November 1996: Bo convinced me we should leave the Chiricahua Mountains where we were camping and hiking, and go see this amazing canyon she'd hiked a few years before. That was McKittrick Canyon. In the Fall. The colors were stunning. And the trails deserted.
November 2022: Dimly we might have thought there might be colors--it was November, they had had a wet year--but were unprepared for what we found. We drove straight in and found the small parking lots--another lot added in the last 26 years--almost full with license plates from all over, and people gearing up to go into the canyon.

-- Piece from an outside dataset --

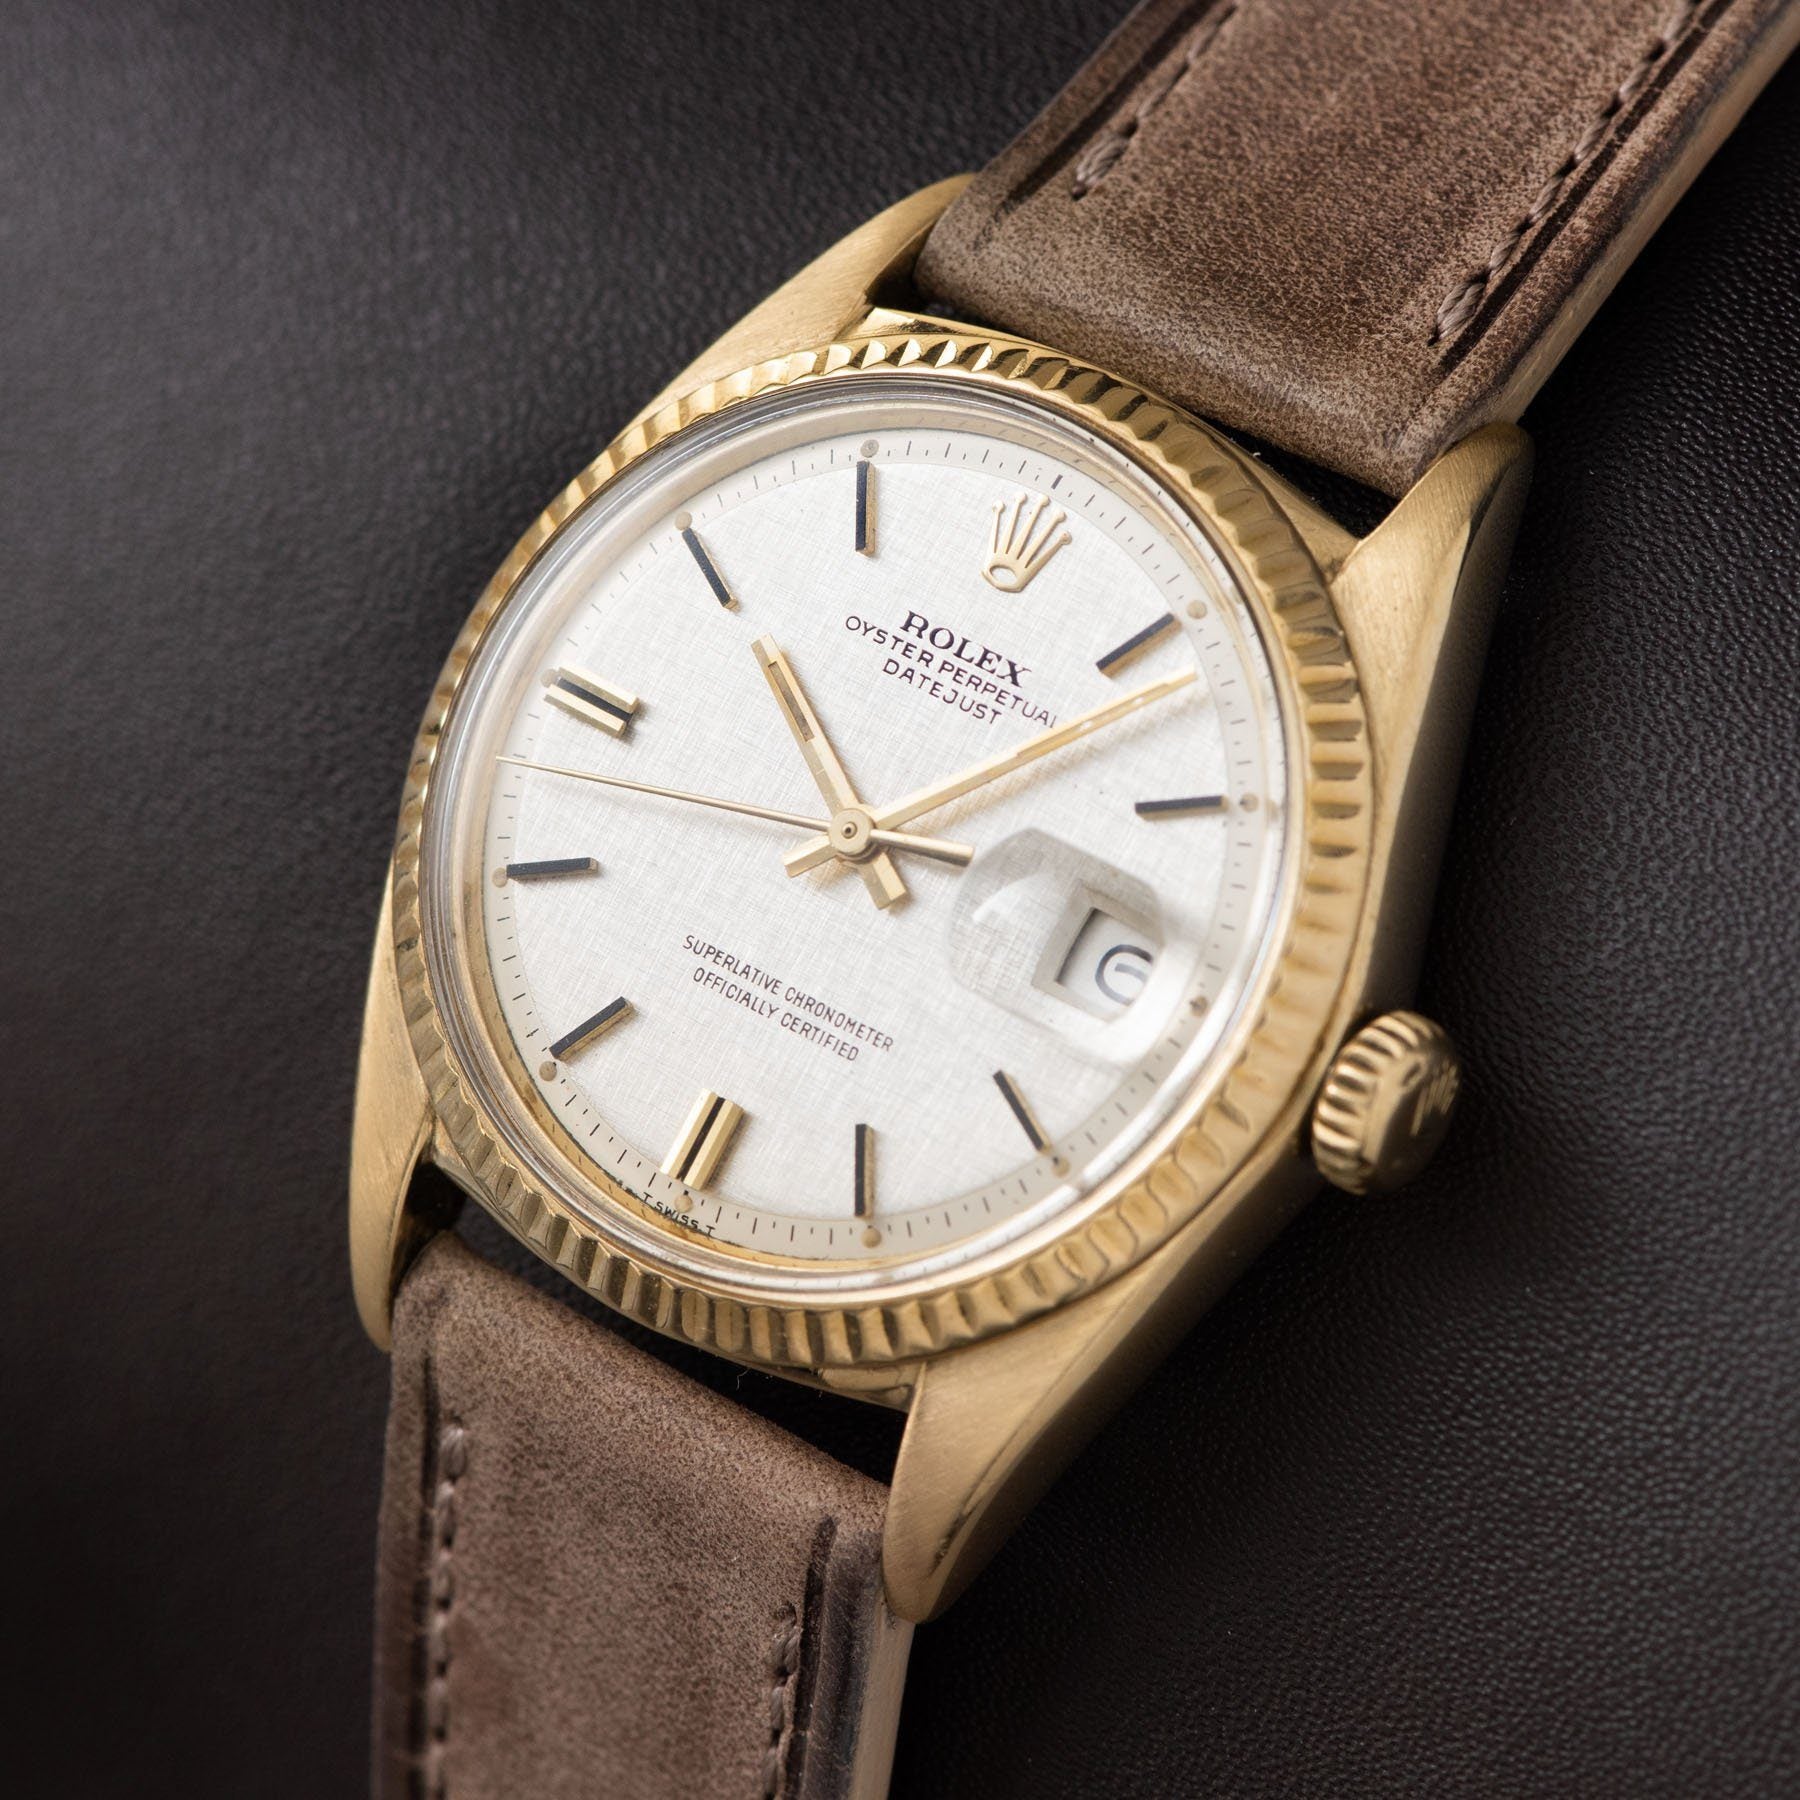 Authentic Used Jaeger-LeCoultre Geophysic 1958 Limited Edition Q8008520  Watch (10-10-JLC-MB52ZL)

McKittrick: It's a wide canyon bordered by the Permian Reef on the north, filled with more Texas Madrones than I've ever seen anywhere else, some small but many huge; and they were full of red, sweet berries, coloring the trees and the trailside with deep red. Yellow, Orange, Red leaves clinging to trees or already littering the ground, formed a deeply colored tunnel that seemed so unreal it was almost disorienting. And the hikers marveled as they walked, taking photos almost every step of the way.

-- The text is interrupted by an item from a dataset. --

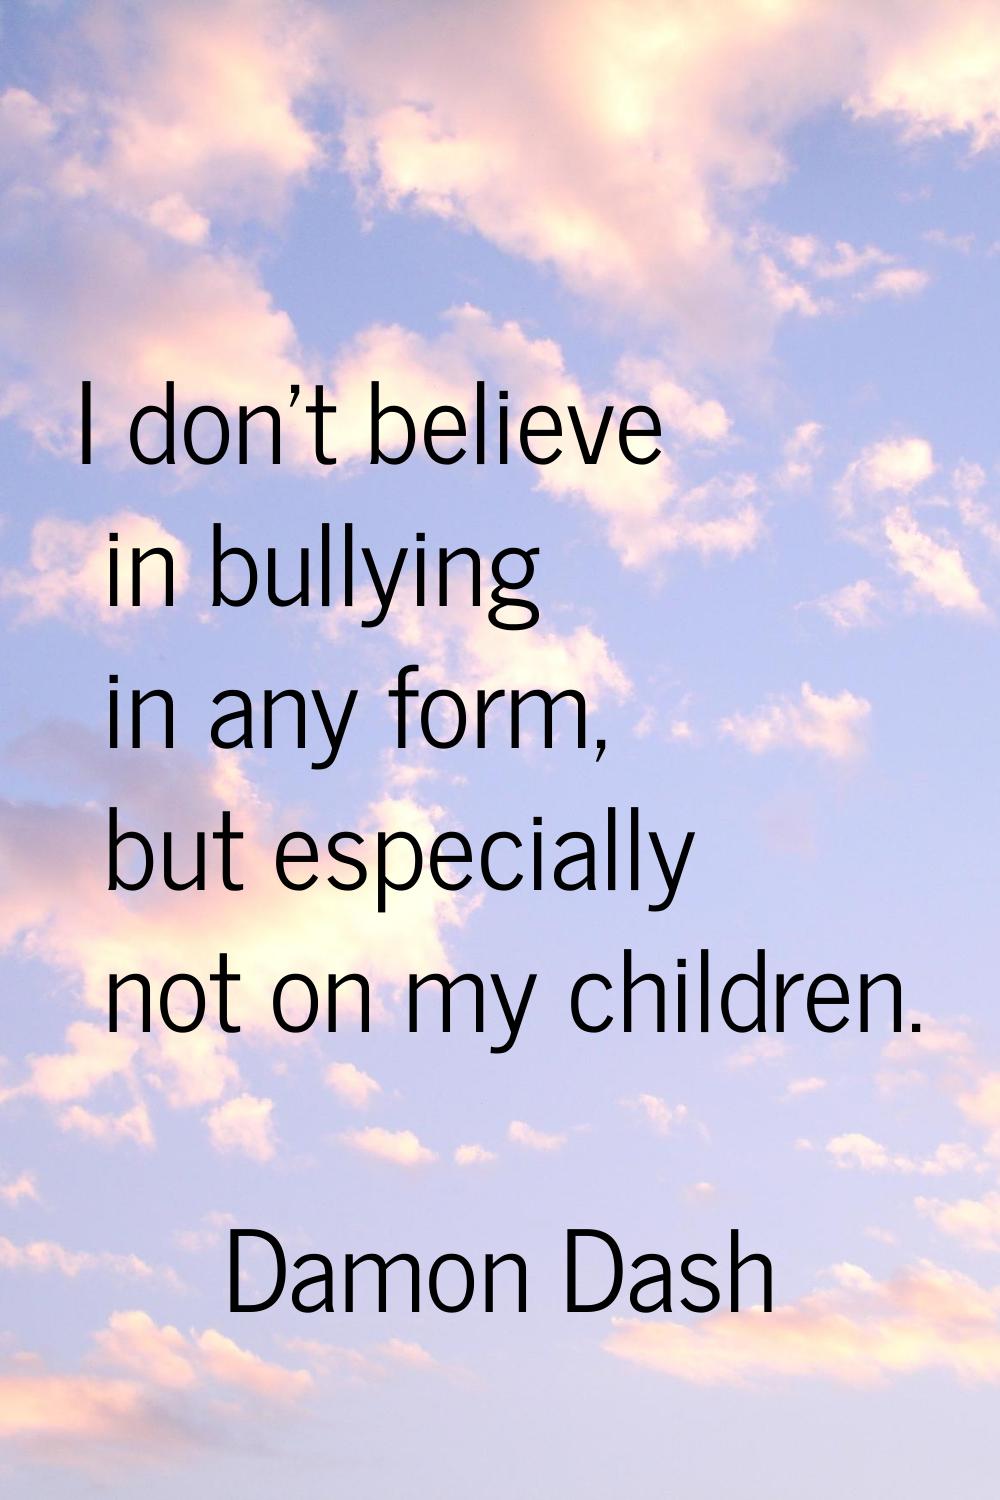 I don't believe in bullying in any form, but especially not on my children.

So many people didn't disturb the easily found aloneness and quiet along the trail. The crowd at Pratt Cabin was too great for us so we kept going to The Grotto where we ate lunch, then to the end of the trail--the creek keeps going a while farther--to Hunter Cabin, the old line cabin from the ranching days. We then hiked up toward McKittrick Ridge and turned around just below The Notch, which is the span past where the high mountain trails take over. We barely made it back to Pine Station Campground in time to put up our tent and make dinner before dark.
It was a freezing night and we sat in our camp recliners looking at stars, the Milky Way, the constellations diffused by all the stars we can't see above our own homes anymore due to light pollution. I declined to set up the tripod for an attempt at astrophotos and dived into the tent.

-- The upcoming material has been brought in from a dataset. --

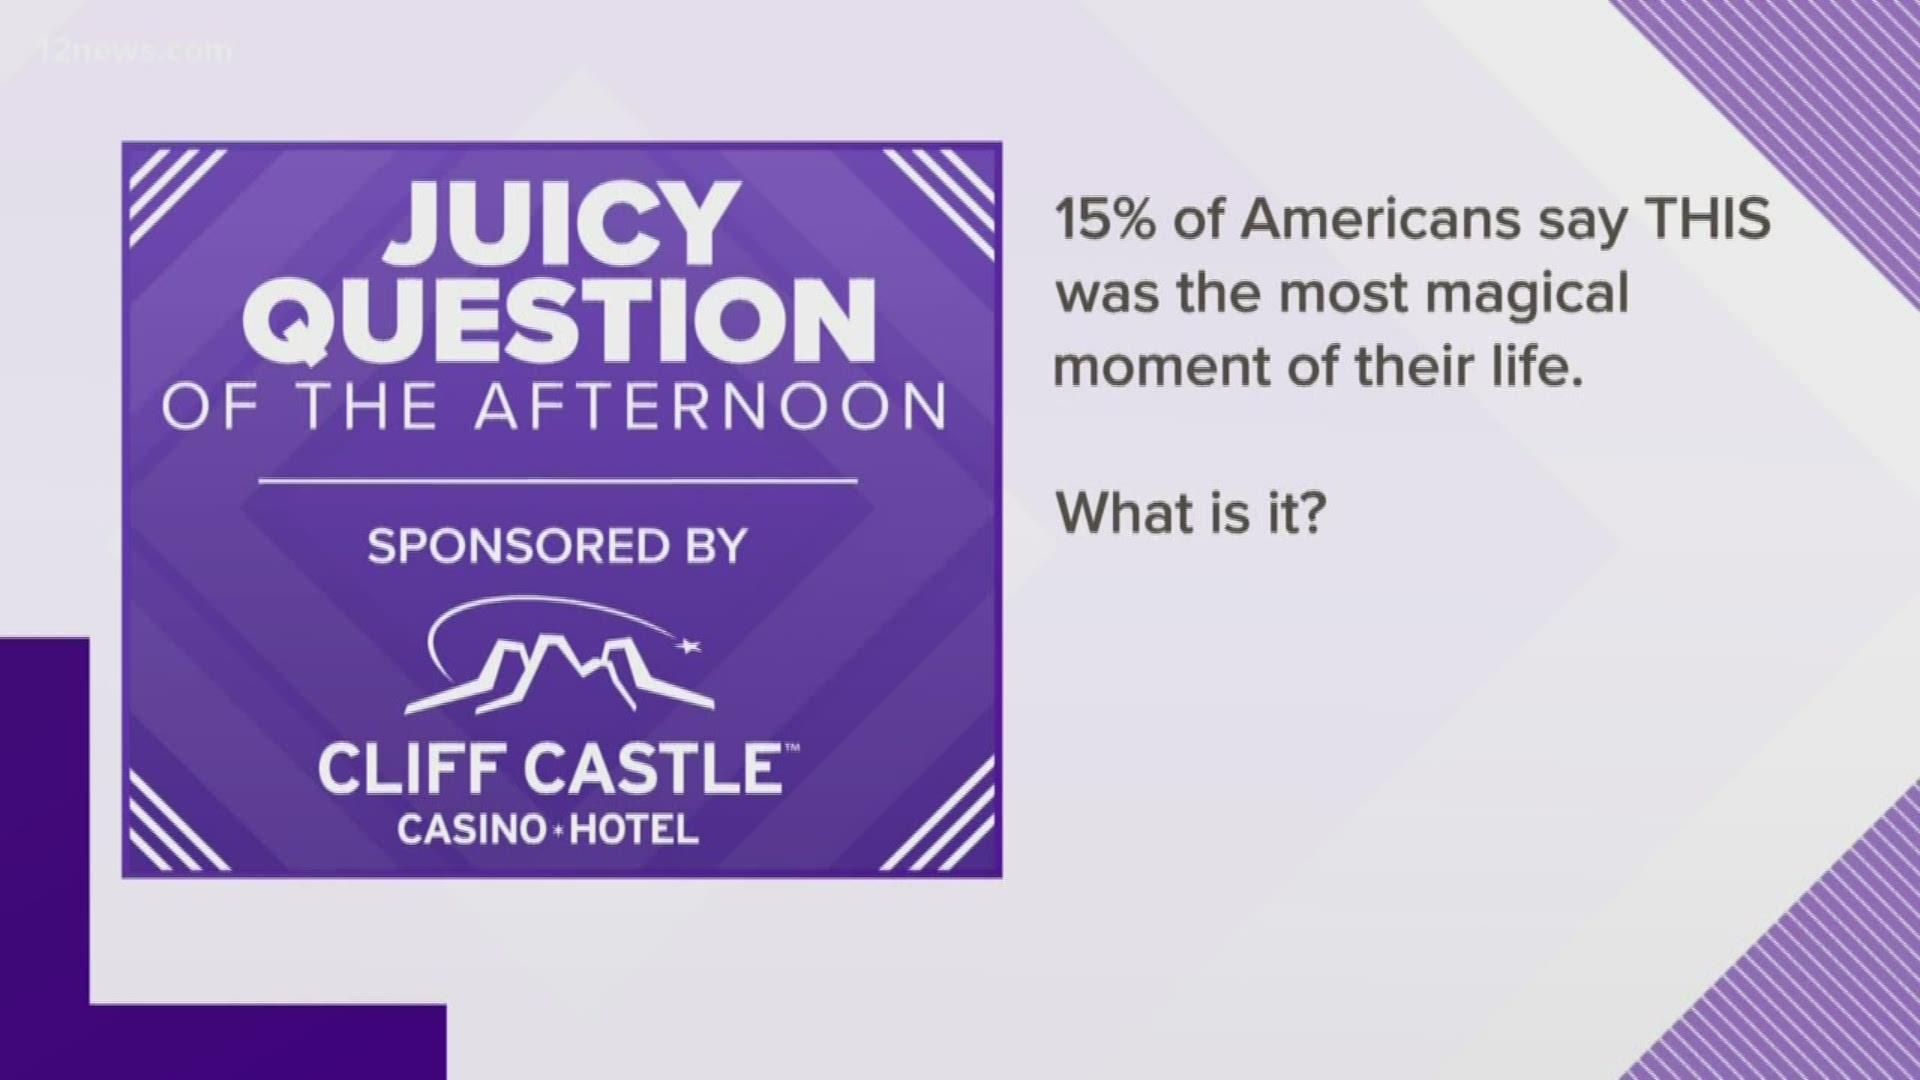 15% of Americans say THIS is the most magical moment of their life. What is it?

Sunrise and coffee, I snapped a few shots before we broke camp and drove back to Frijole Ranch to admire the old ranch stead, before hiking to Manzanita Springs--dammed up a century ago to provide a pond for water storage and the family's summer pleasure--then up to Smith Spring where these photos end.
November 1996 was Bo's and my first real trip together. We'd camped alone at the end of Rucker Canyon in the Chiricahuas, bears with cubs strolling past our tent at night, snuffling the bear box 10 feet from the tent. We'd hiked up into the mountains for views one doesn't think exist in southeast Arizona. I thought our time was sheer magic.
But the real magic was when she convinced me to leave our solitude in Rucker to head to Guadalupe's McKittrick. We've done high mountain hikes in two more backpacking trips where we went up McKittrick Ridge one trip before crossing the mountain; and up Tejas Trail to posthole through thigh-deep snow the last half mile to camp, on another trip. But, the drive was so far from Corpus we took Guadalupes off our list until a few weeks ago.
The deserted McKittrick Trail we knew 26 years ago was gone, replaced by people from all over the country--and world--who came for the colors and, like us, got lucky. And they acted like they knew they were lucky to be where they were at the time they were, which makes them welcome trail friends.